Fate of the Vaal is one of those systems that sounds tidy in a patch note, then feels rough the moment you're in a real run. You're clearing a map, you get told to step out, handle a side zone, and then you're dropped back into the same spot like nothing happened. In a game where a lot of players already think hard about upgrades, drops, and even PoE 2 Currency planning, that kind of forced detour doesn't land as "variety." It lands as a hard stop, right when you were finally getting into a groove.
PoE 2 is slower on purpose. You feel the weight of movement, the wind-up on attacks, the idea that you're meant to read the screen and commit. That's fine. I'm into that style. The problem is that Fate of the Vaal doesn't respect the pace it's built on. You don't just take a quick portal and bounce back like in the first game. You leave, load, re-orient, do a separate objective, load again, then try to find your rhythm in the original map.

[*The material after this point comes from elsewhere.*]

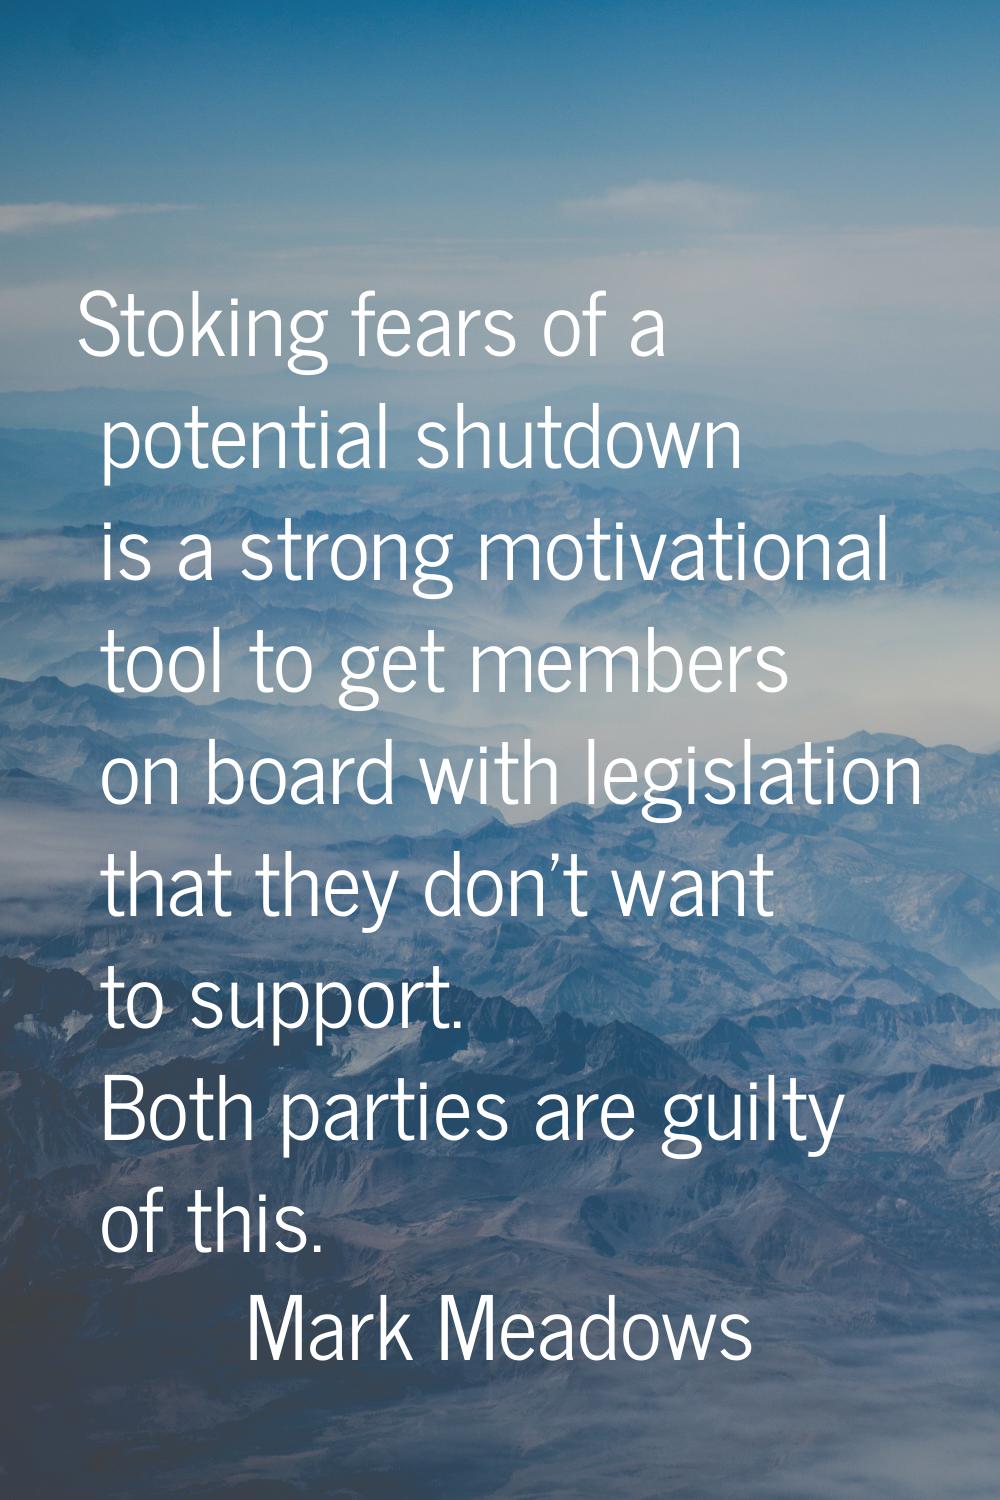 Stoking fears of a potential shutdown is a strong motivational tool to get members on board with le

After a few times, you notice the travel more than the fights, and that's not a great sign.
In the original Path of Exile, speed covers up a lot. You'd zip through a map, pop out for something optional, then chain right back into the loop without thinking. In PoE 2, everything takes a bit more effort. You're positioning more. You're checking corners. You're not blasting screens in two seconds. So when the game yanks you into a side area, it doesn't feel like a quick diversion. It feels like you're being asked to restart your focus over and over, and it can get tiring fast.

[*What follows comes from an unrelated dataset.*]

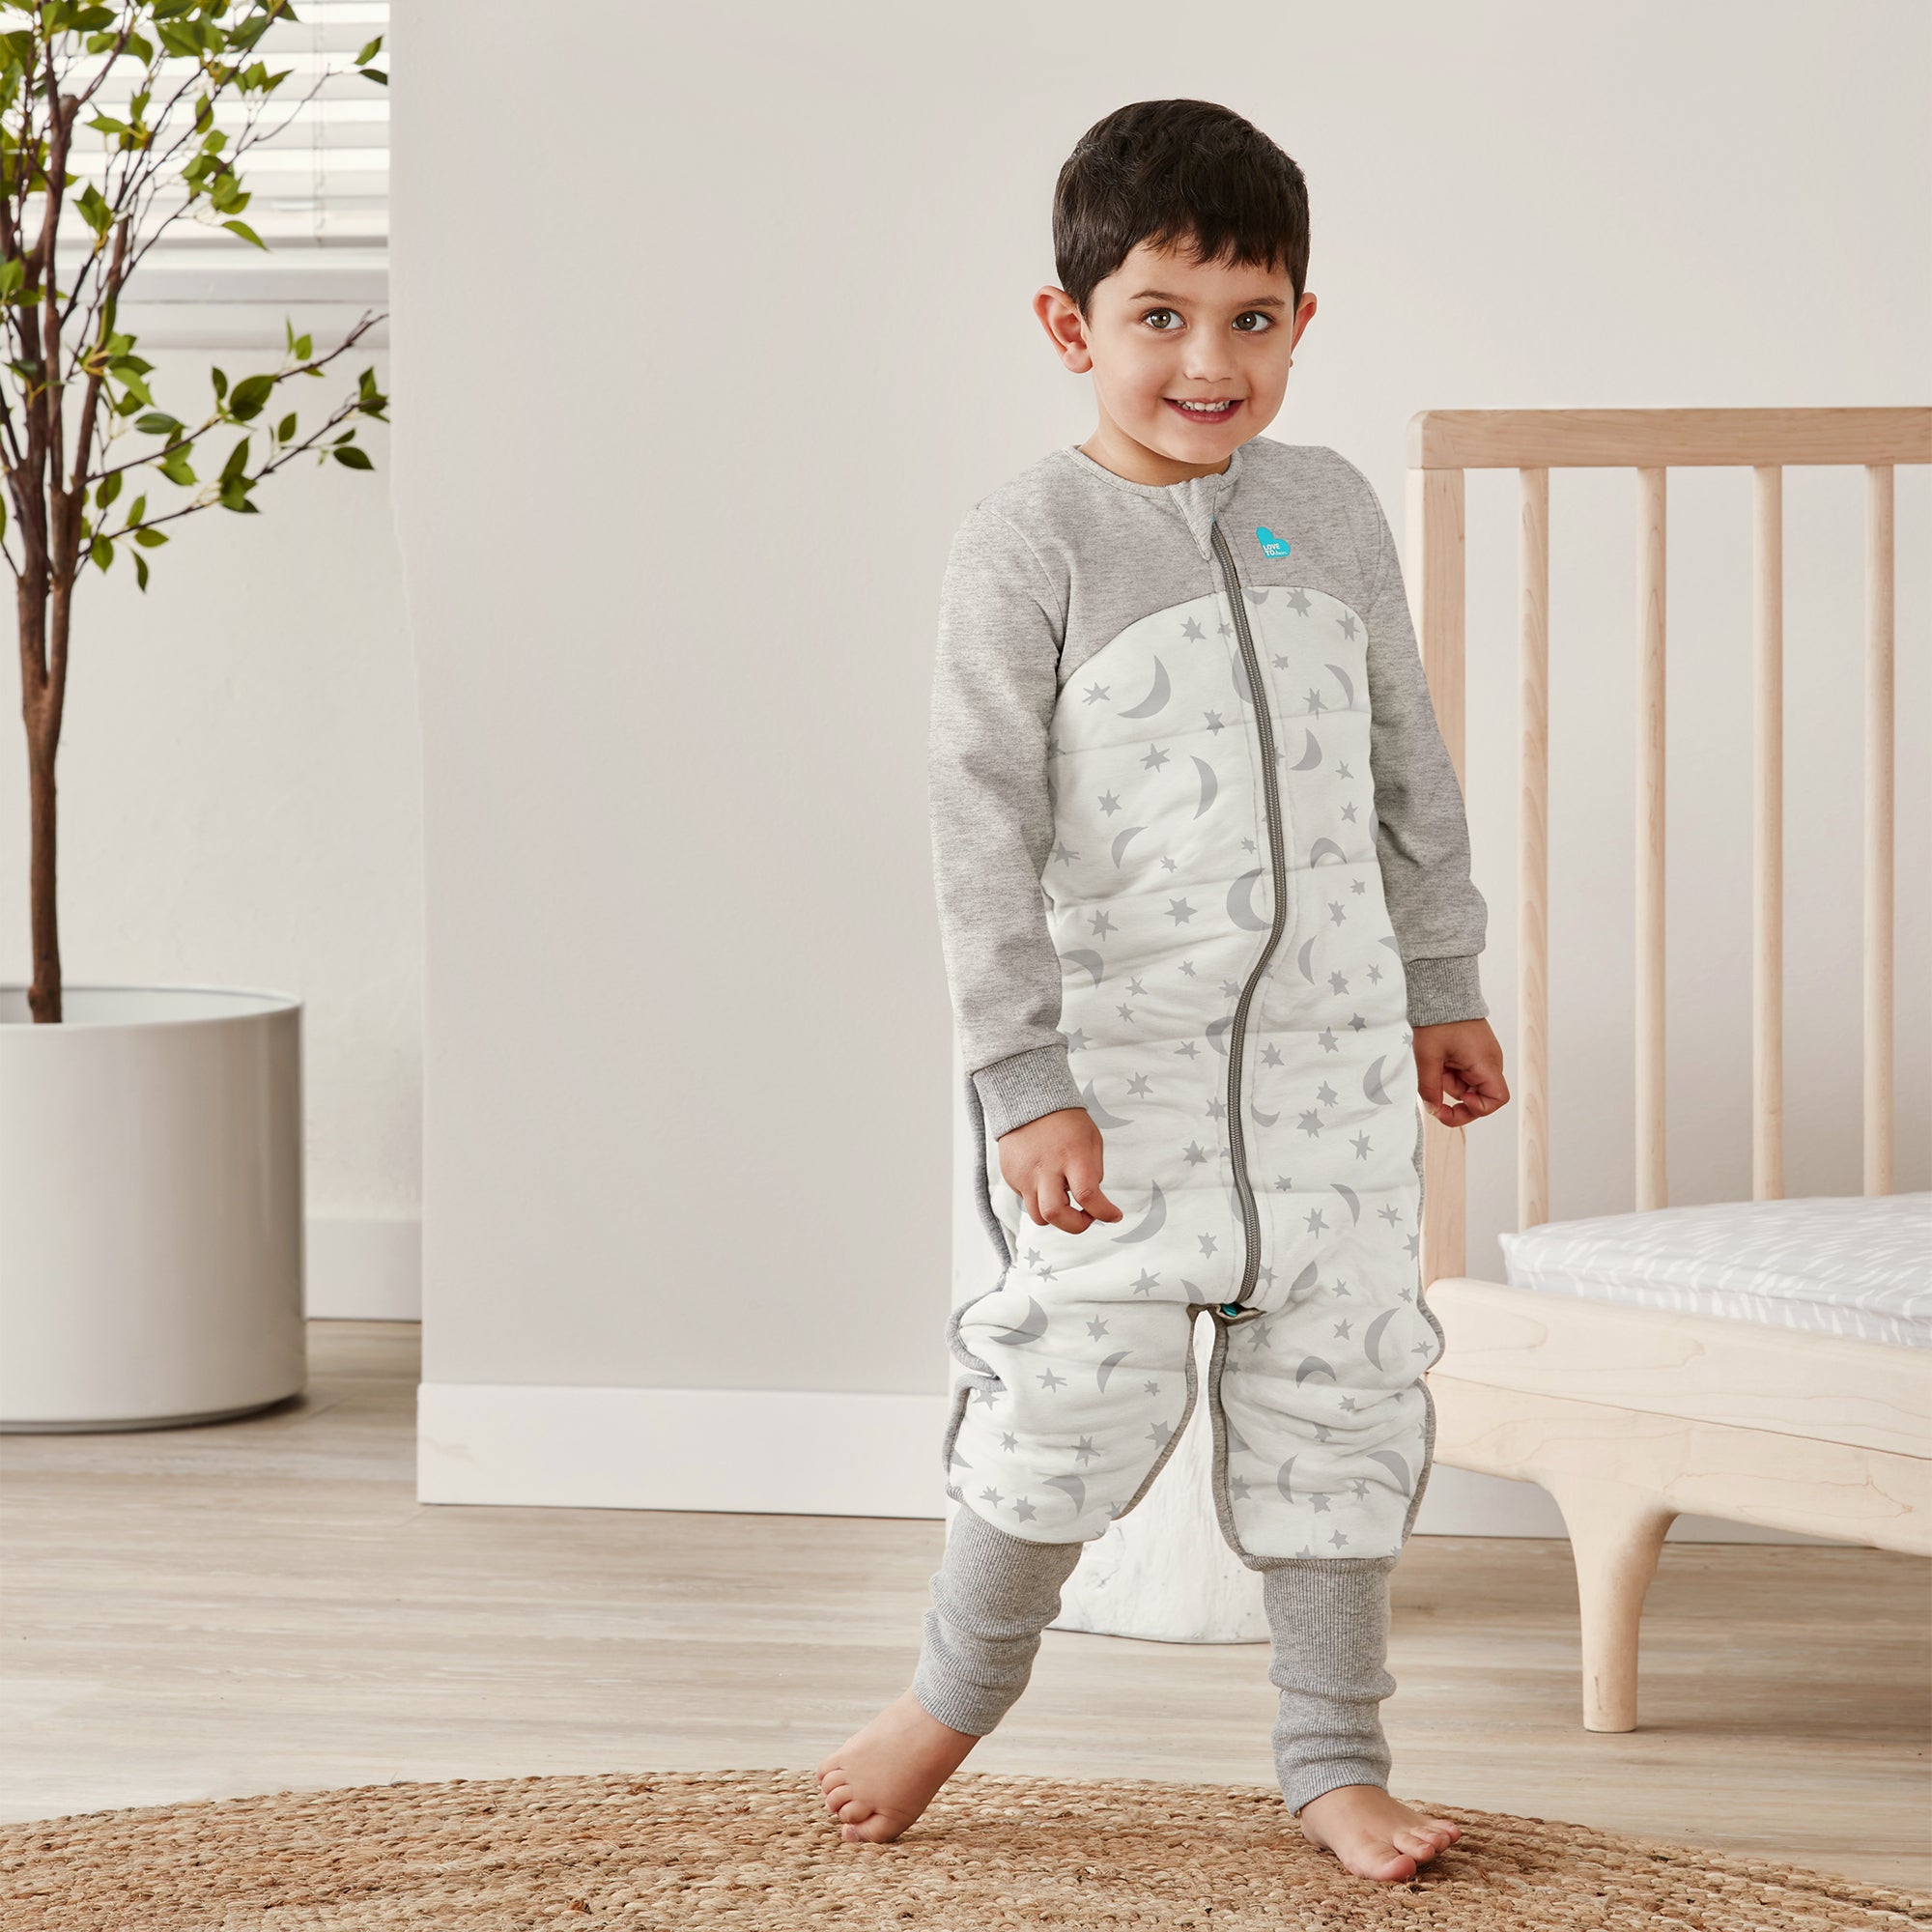 Sleep Suit Quilted Cotton 2.5 TOG Moonlight White Size 0 (Stage 3) - Tiny Tots Baby Store

This is also happening at an awkward time for the endgame. A lot of folks don't feel like there's a single, clear long-term target pulling them forward yet. No obvious "I'm grinding toward that" moment. So you end up building a character because you like the build, or because you're testing skills, or because the combat's still fun in bursts. In that mood, interruptions matter more. If the reward from the Vaal detour doesn't feel worth the pause, you start skipping it, or worse, you start asking why you're running maps at all.

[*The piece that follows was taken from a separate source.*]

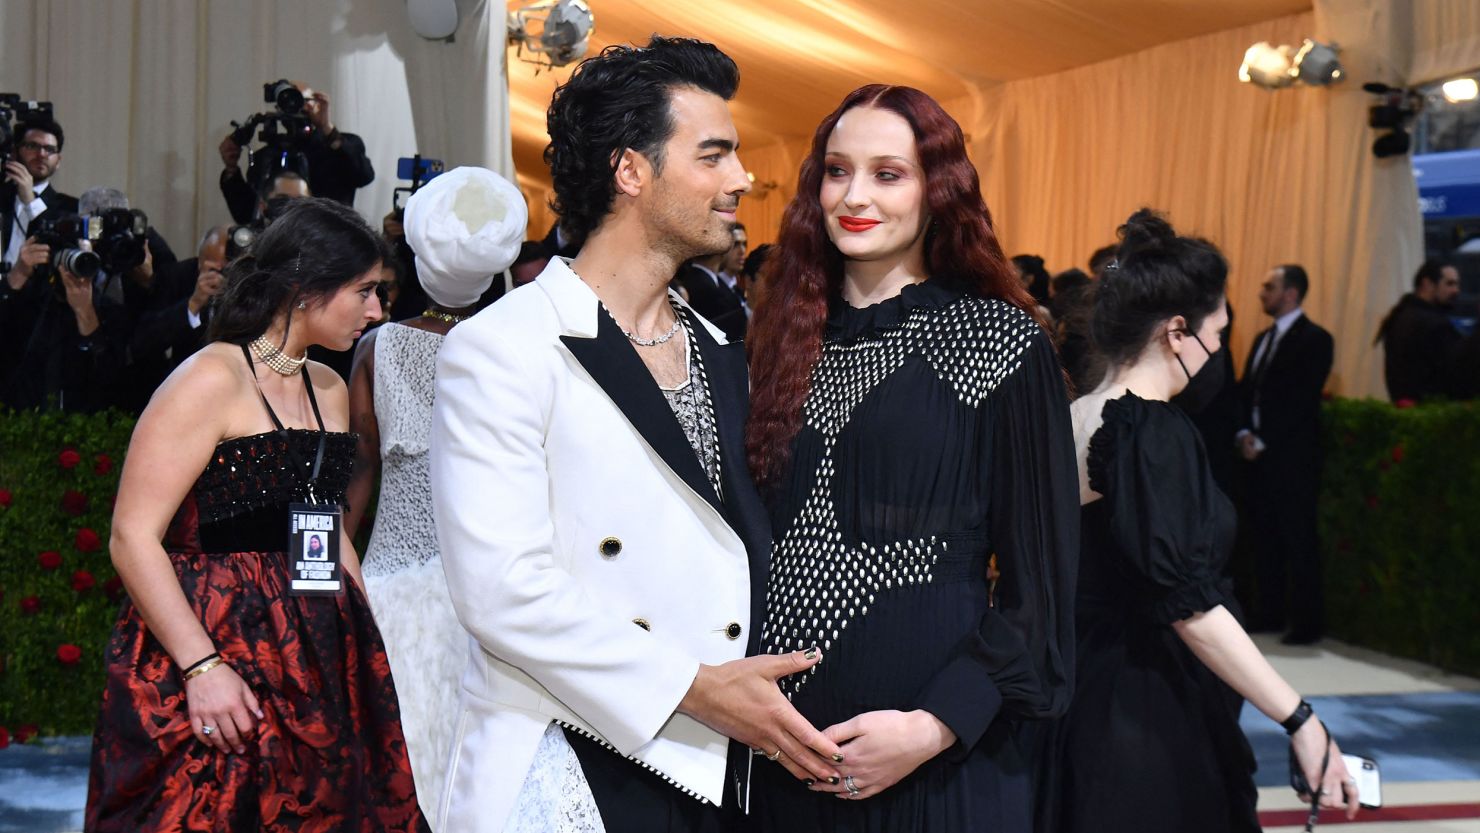 Joe Jonas and Sophie Turner, shown here in May, have welcomed their second child.

If Fate of the Vaal is meant to be a spice, it needs to keep the meal hot. Let it live inside the map more often, or make the return feel clean and intentional, not like you got shoved back mid-sentence. Better rewards would help, sure, but the bigger fix is respecting momentum. Players don't mind doing extra work when it feels like forward progress, and when the loop stays satisfying even on a long night of grinding path of exile 2 currency for the next upgrade.